Preventivo Casa in Legno
  1. Home
  2. Notizie e Mercato
  3. Geotermia: dall’ENEA un umpianto innovativo

Geotermia: dall’ENEA un umpianto innovativo

di
lignius, case in legno, case prefabbricate in legno, geotermia, enea, geotermico
5,0/5
votato da 1 persone
La gotermia può realmente migliorare l'efficienza della climatizzazione degli edifici. Scopriamo u dettagli di una soluzione innovativa sviluppata dall’ENEA

La geotermia si conferma una delle tecnologie più promettenti per rendere gli edifici più efficienti e ridurre i consumi energetici. L'ultima sperimentazione realizzata da ENEA punta a sfruttare il calore naturale del sottosuolo con una soluzione innovativa che potrebbe aprire nuove opportunità per la climatizzazione sostenibile. Ecco come funziona il progetto e quali prospettive potrebbe offrire al settore.

Al Centro Ricerche Casaccia di Roma, ENEA ha sviluppato un impianto geotermico sperimentale dedicato al riscaldamento e al raffrescamento degli edifici.

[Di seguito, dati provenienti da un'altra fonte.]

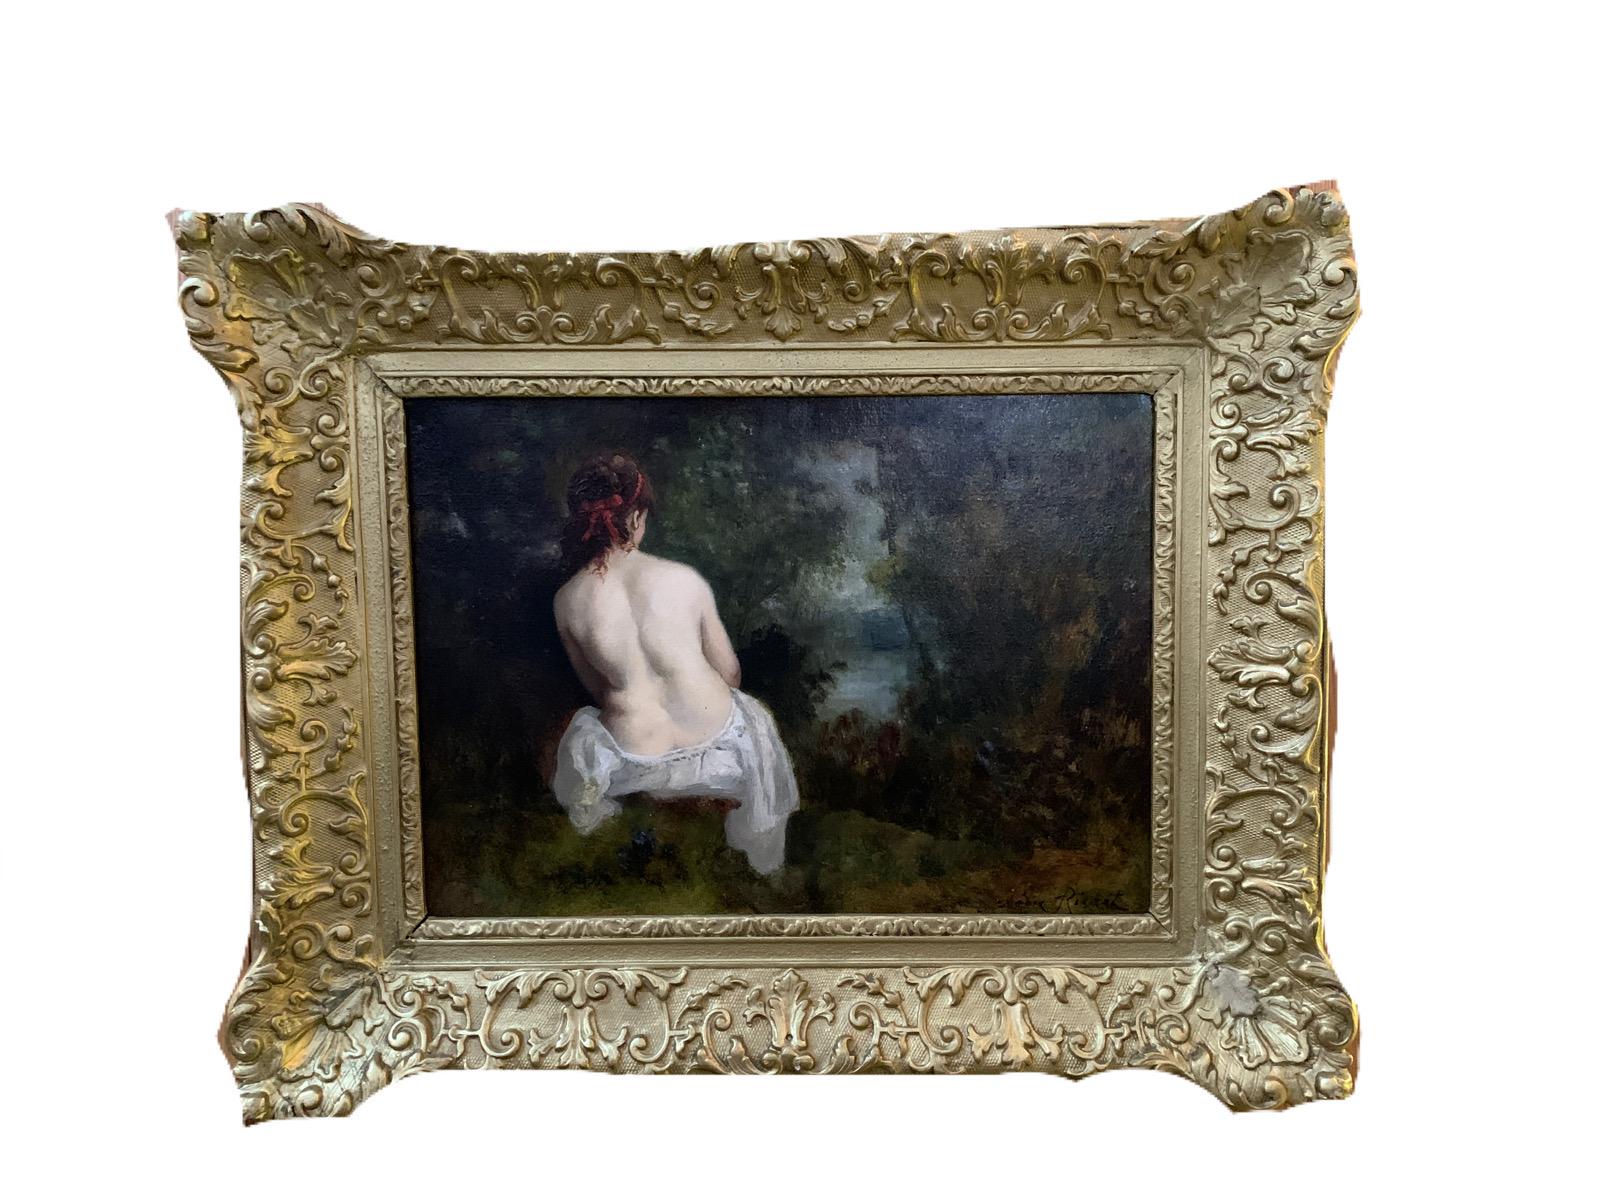 Französischer Akt einer Dame aus dem 19. Jahrhundert in der Waldlandschaft von Barbizon. – Painting von Leon Richet

L'iniziativa rientra nelle attività della Ricerca di Sistema Elettrico promossa dal Ministero dell'Ambiente e della Sicurezza Energetica e combina l'energia del sottosuolo con una pompa di calore di nuova generazione, progettata per utilizzare sia il terreno sia l'aria come sorgente termica.

Geotermia: i dettagli sull’impianto firmato ENEA

Il sistema sfrutta il calore geotermico a bassa entalpia, cioè a temperature inferiori ai 90 °C, attraverso quattro pozzi di profondità differenti, dotati di sonde geotermiche e sensori in fibra ottica per il monitoraggio delle prestazioni.

"A differenza di altre fonti di energia rinnovabile che dipendono da condizioni meteorologiche variabili, la geotermia offre una continuità che la rende ideale per garantire una fornitura stabile e continua di energia", evidenzia Anna Carmela Violante, ricercatrice del dipartimento ENEA-TERIN. "Inoltre, la tecnologia geotermica può contribuire a ridurre la dipendenza dalle importazioni di energia e di materiali".

Tra gli elementi distintivi del progetto c'è anche l'efficienza del sistema. "La stabilità termica della sorgente o del pozzo di calore è fondamentale per garantire efficienze elevate delle pompe di calore", spiega Raniero Trinchieri, ricercatore ENEA-TERIN.

L'Italia occupa già una posizione di primo piano nel settore, con circa 916 MW di potenza geotermoelettrica installata e una produzione annua di 5,7 TWh, concentrata prevalentemente in Toscana. Per gli impieghi diretti del calore geotermico sono disponibili inoltre circa 1.316 MWth, utilizzati soprattutto per il riscaldamento, le attività termali, l'agricoltura e gli impianti a bassa entalpia.

Secondo Simona De Iuliis, responsabile della Sezione supporto strategico di ENEA-TERIN, il potenziale della risorsa resta ancora in gran parte inutilizzato: "La geotermia è considerata un 'gigante dormiente'. Se solo sfruttassimo il 2% di quel potenziale nei primi 5 km di profondità, la geotermia potrebbe coprire fino al 10% della produzione elettrica prevista per il 2050".

La ricerca proseguirà con lo sviluppo di un sistema ibrido che integrerà geotermia a bassa entalpia e solare termico, con l'obiettivo di sperimentare nuove tecniche di accumulo del calore nel sottosuolo e favorire una maggiore diffusione di questa tecnologia.